COLLECTED DATA:

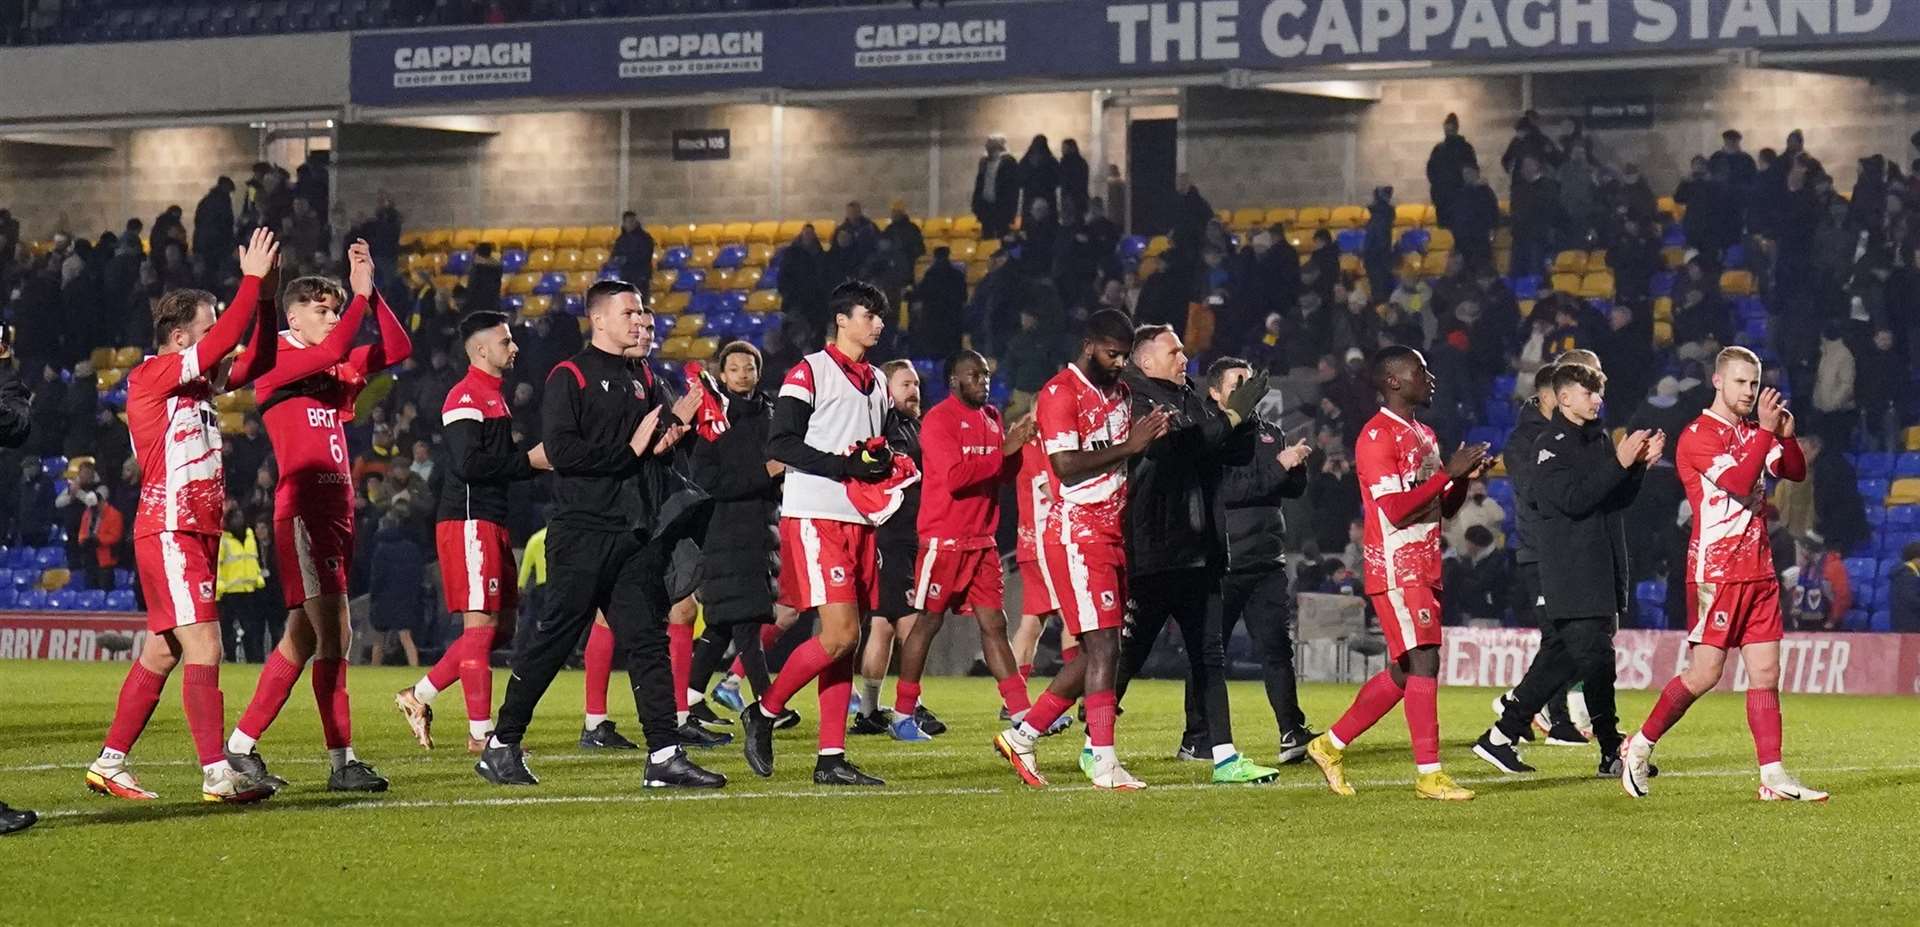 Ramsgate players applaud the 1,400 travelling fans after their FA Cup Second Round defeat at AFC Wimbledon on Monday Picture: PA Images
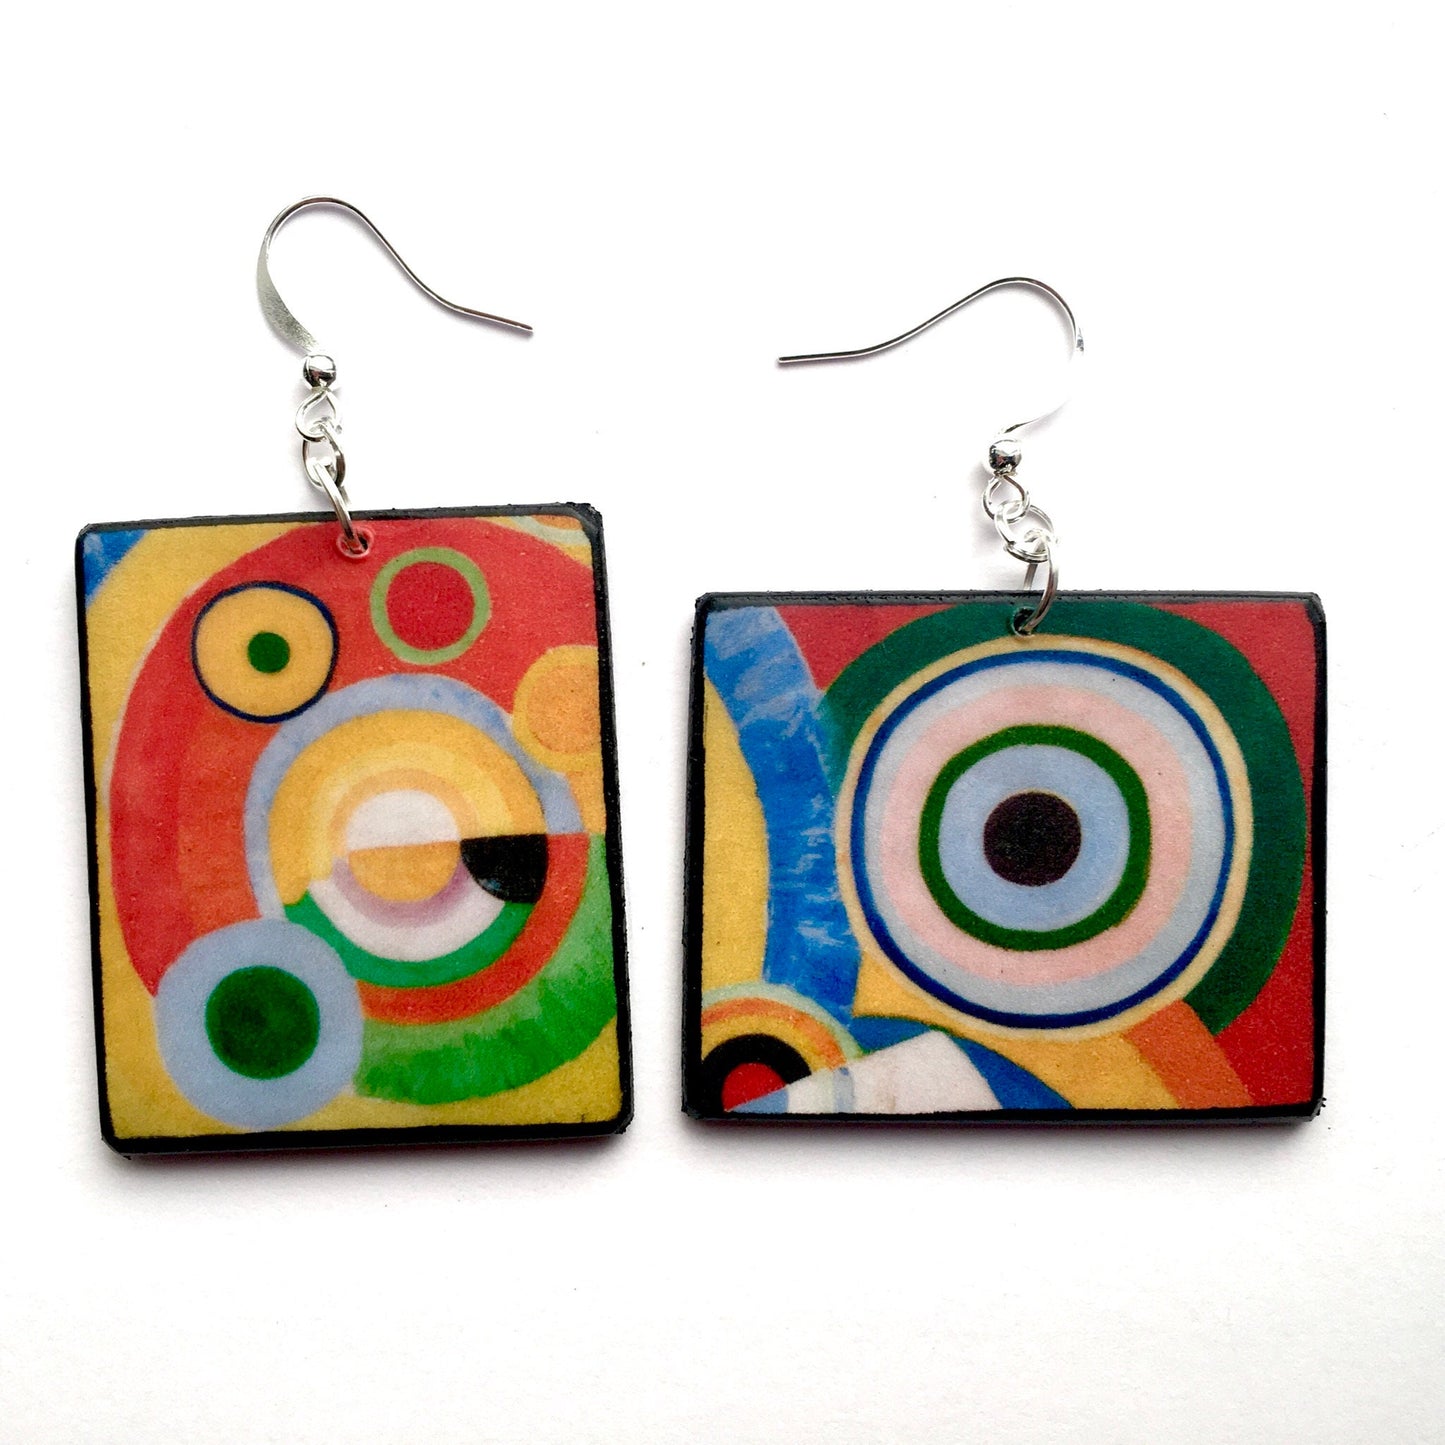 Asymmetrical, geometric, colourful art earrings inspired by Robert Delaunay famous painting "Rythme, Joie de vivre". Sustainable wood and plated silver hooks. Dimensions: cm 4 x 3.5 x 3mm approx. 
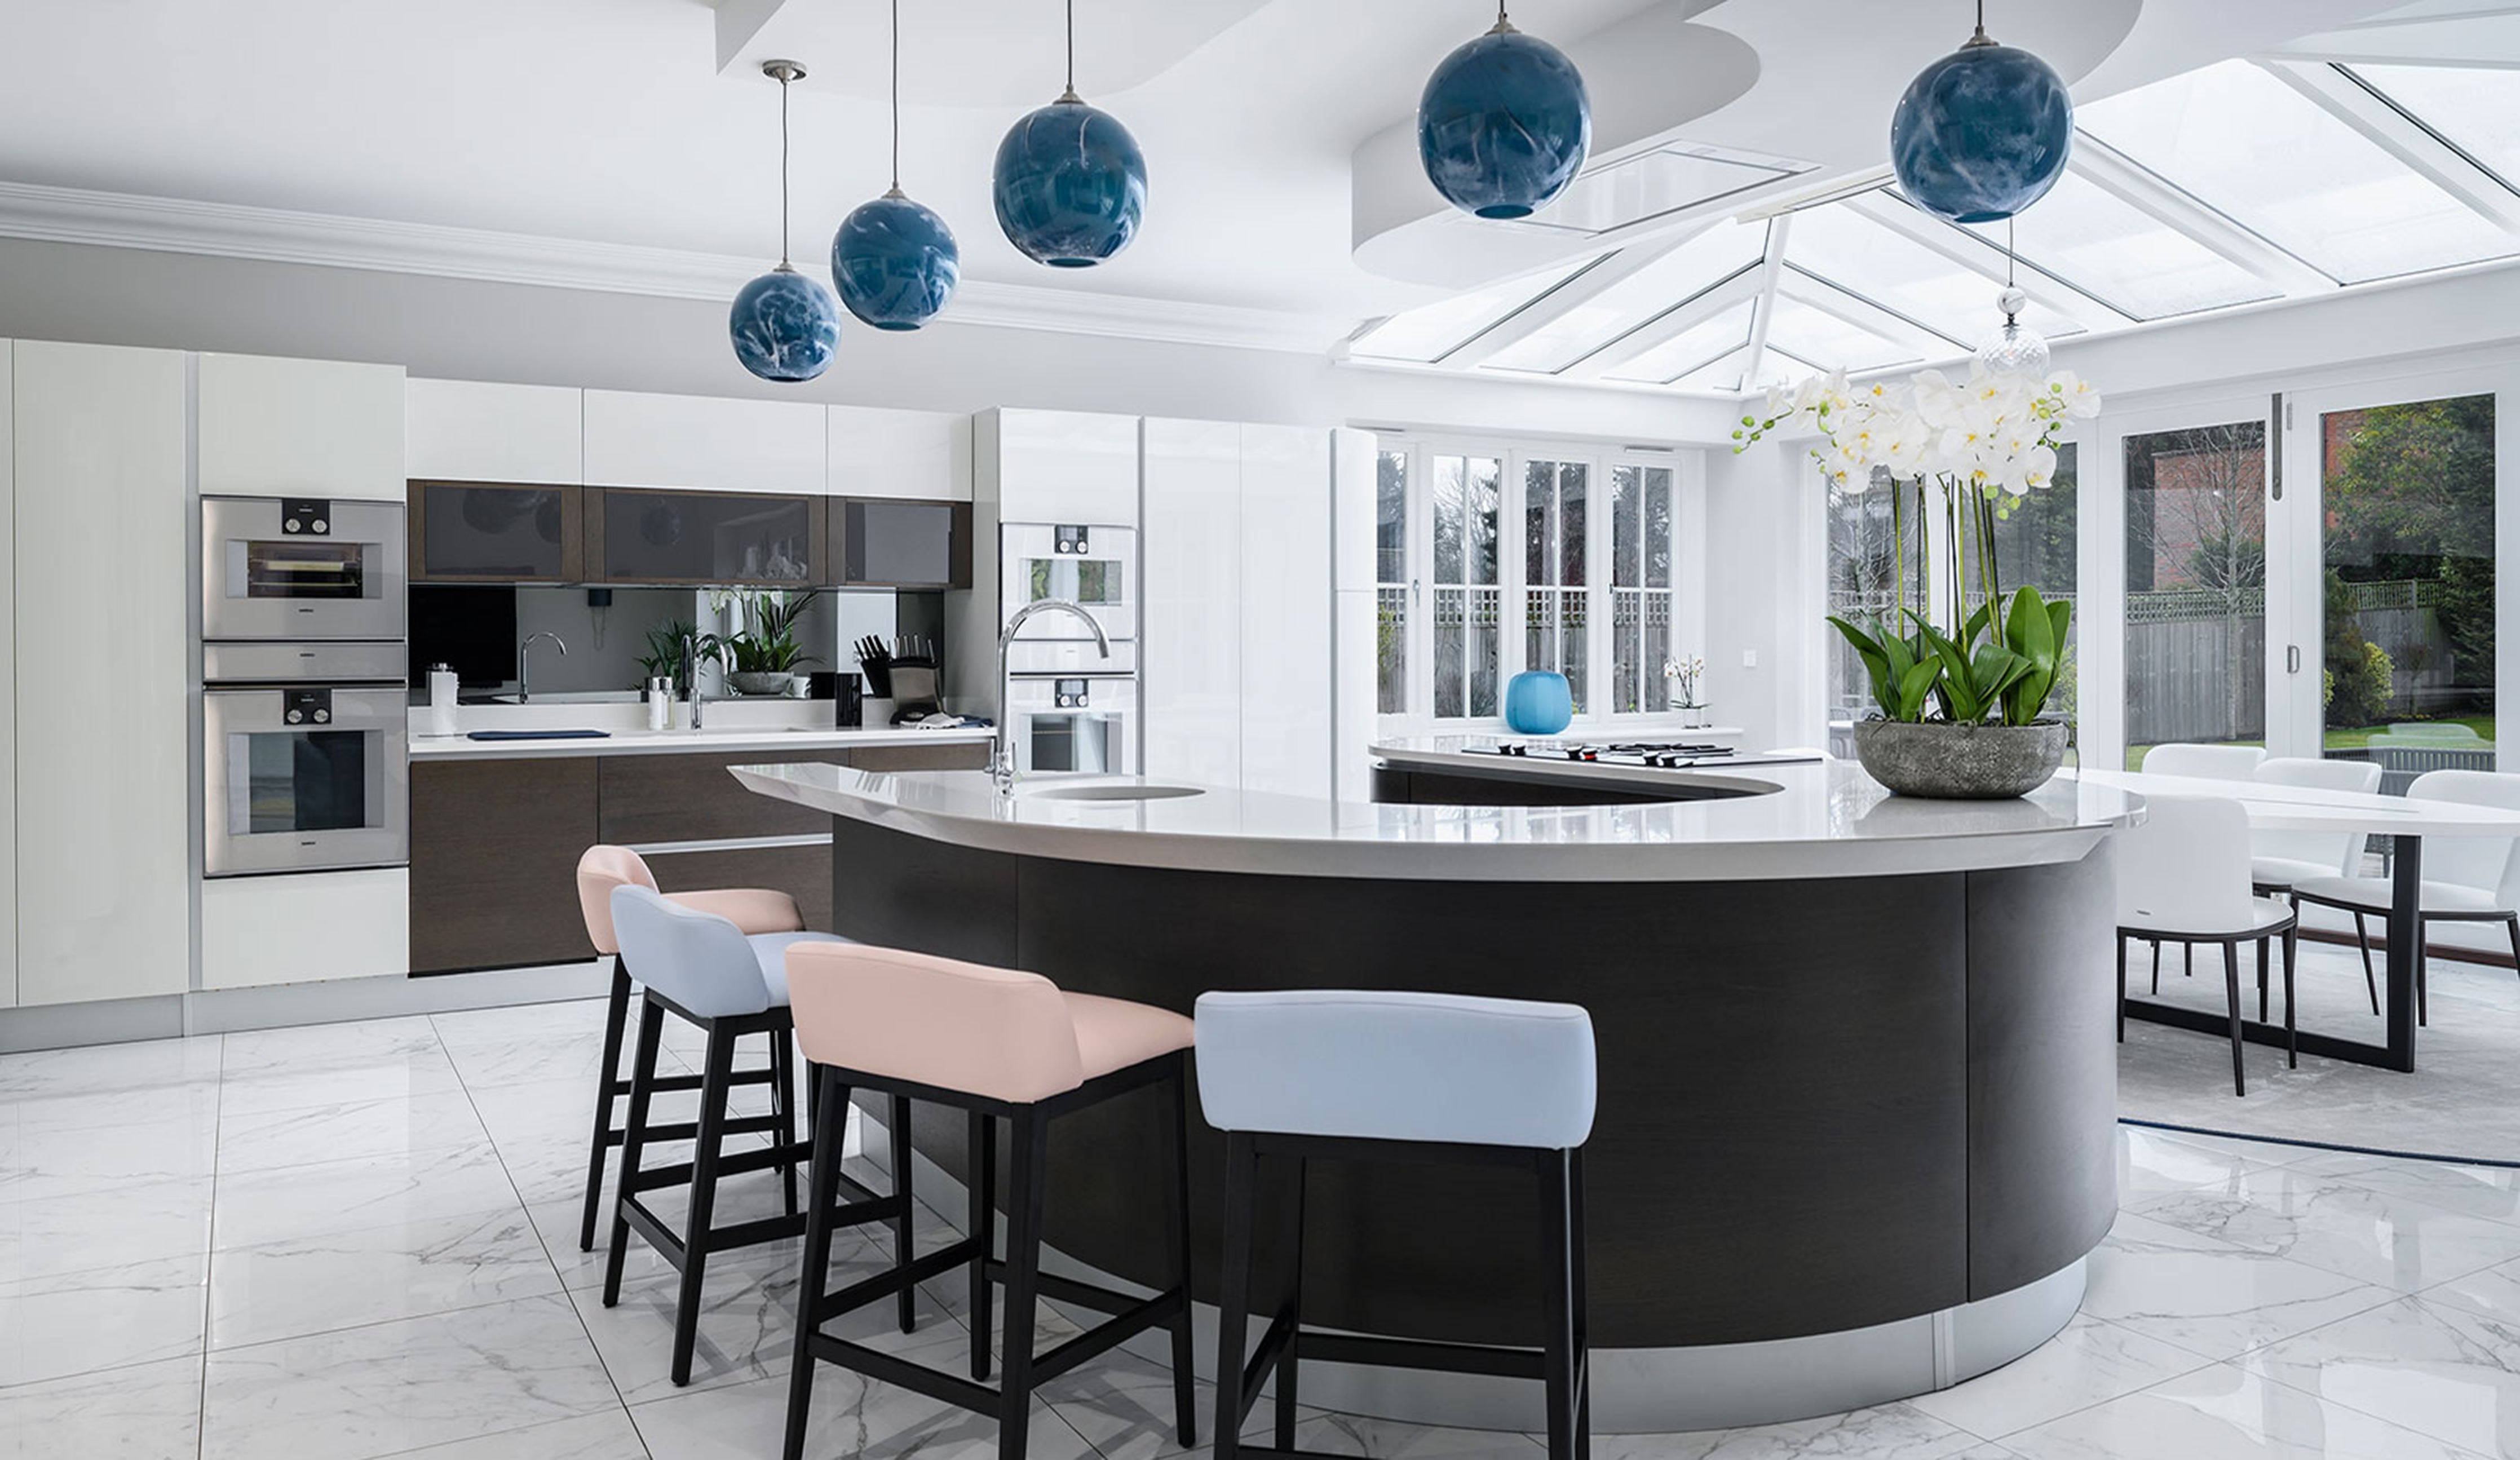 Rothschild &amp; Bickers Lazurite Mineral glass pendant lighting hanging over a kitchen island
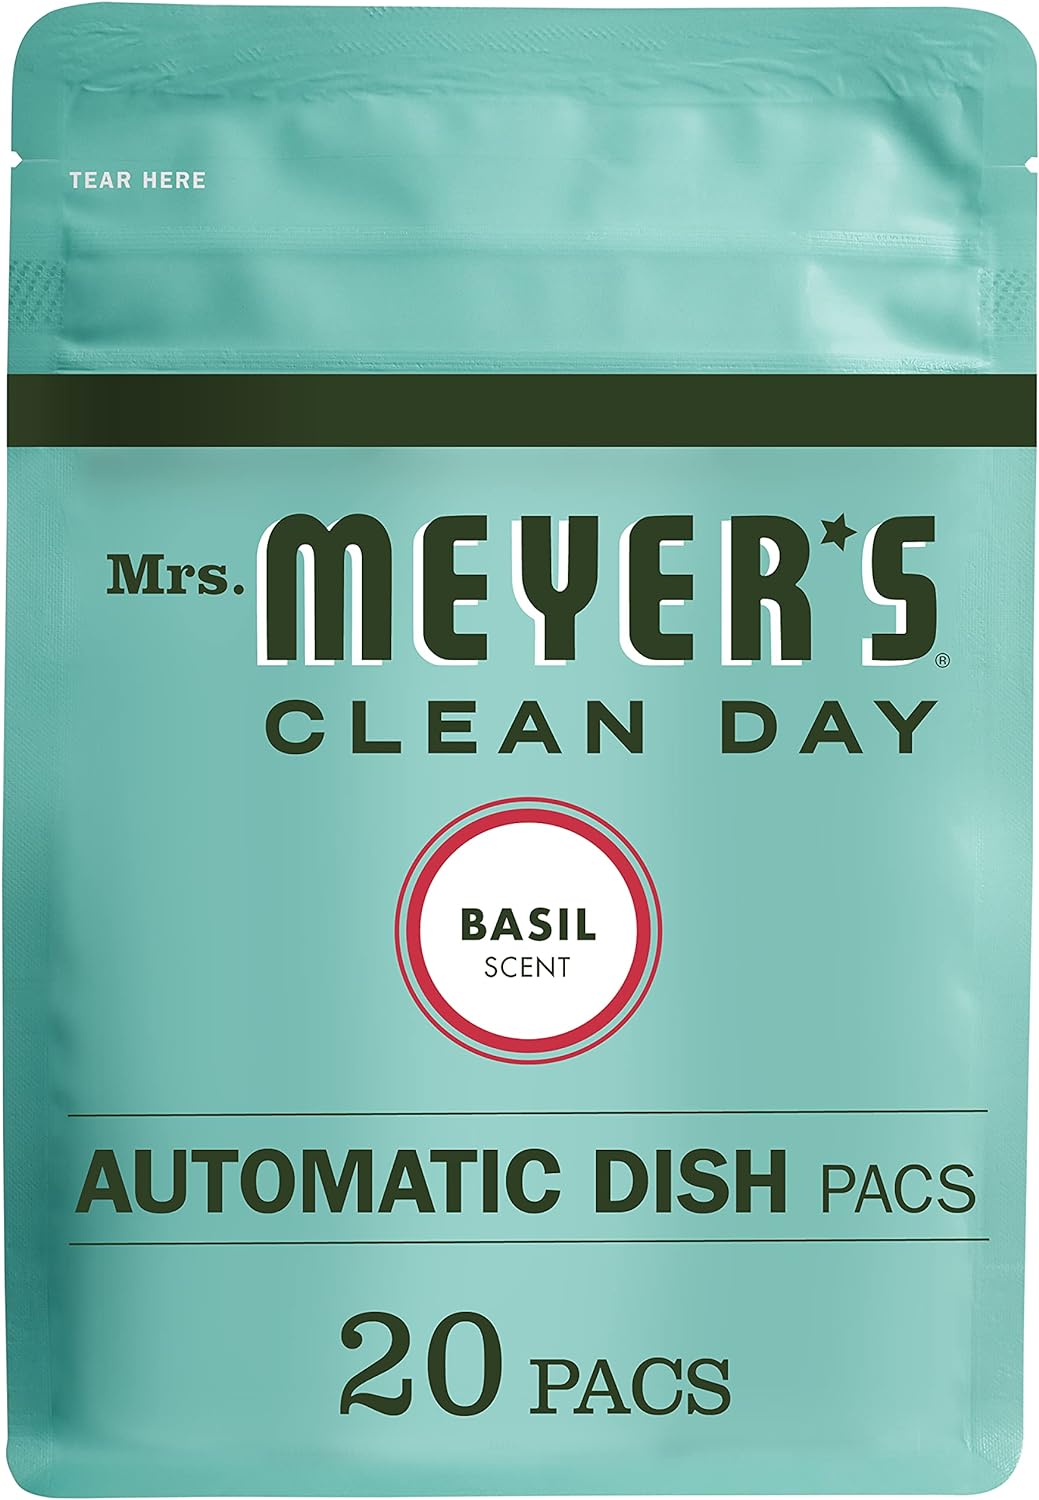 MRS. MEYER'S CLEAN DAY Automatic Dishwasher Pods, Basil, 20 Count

TASK: Your task is to reproduce all of the material exactly. The pictures stay out.

EXERCISE ANSWER:
 Ramsgate players applaud the 1,400 travelling fans after their FA Cup Second Round defeat at AFC Wimbledon on Monday Picture: PA Images
 Asymmetrical, geometric, colourful art earrings inspired by Robert Delaunay famous painting "Rythme, Joie de vivre". Sustainable wood and plated silver hooks. Dimensions: cm 4 x 3.5 x 3mm approx. 
 Rothschild &amp; Bickers Lazurite Mineral glass pendant lighting hanging over a kitchen island
 MRS. MEYER'S CLEAN DAY Automatic Dishwasher Pods, Basil, 20 Count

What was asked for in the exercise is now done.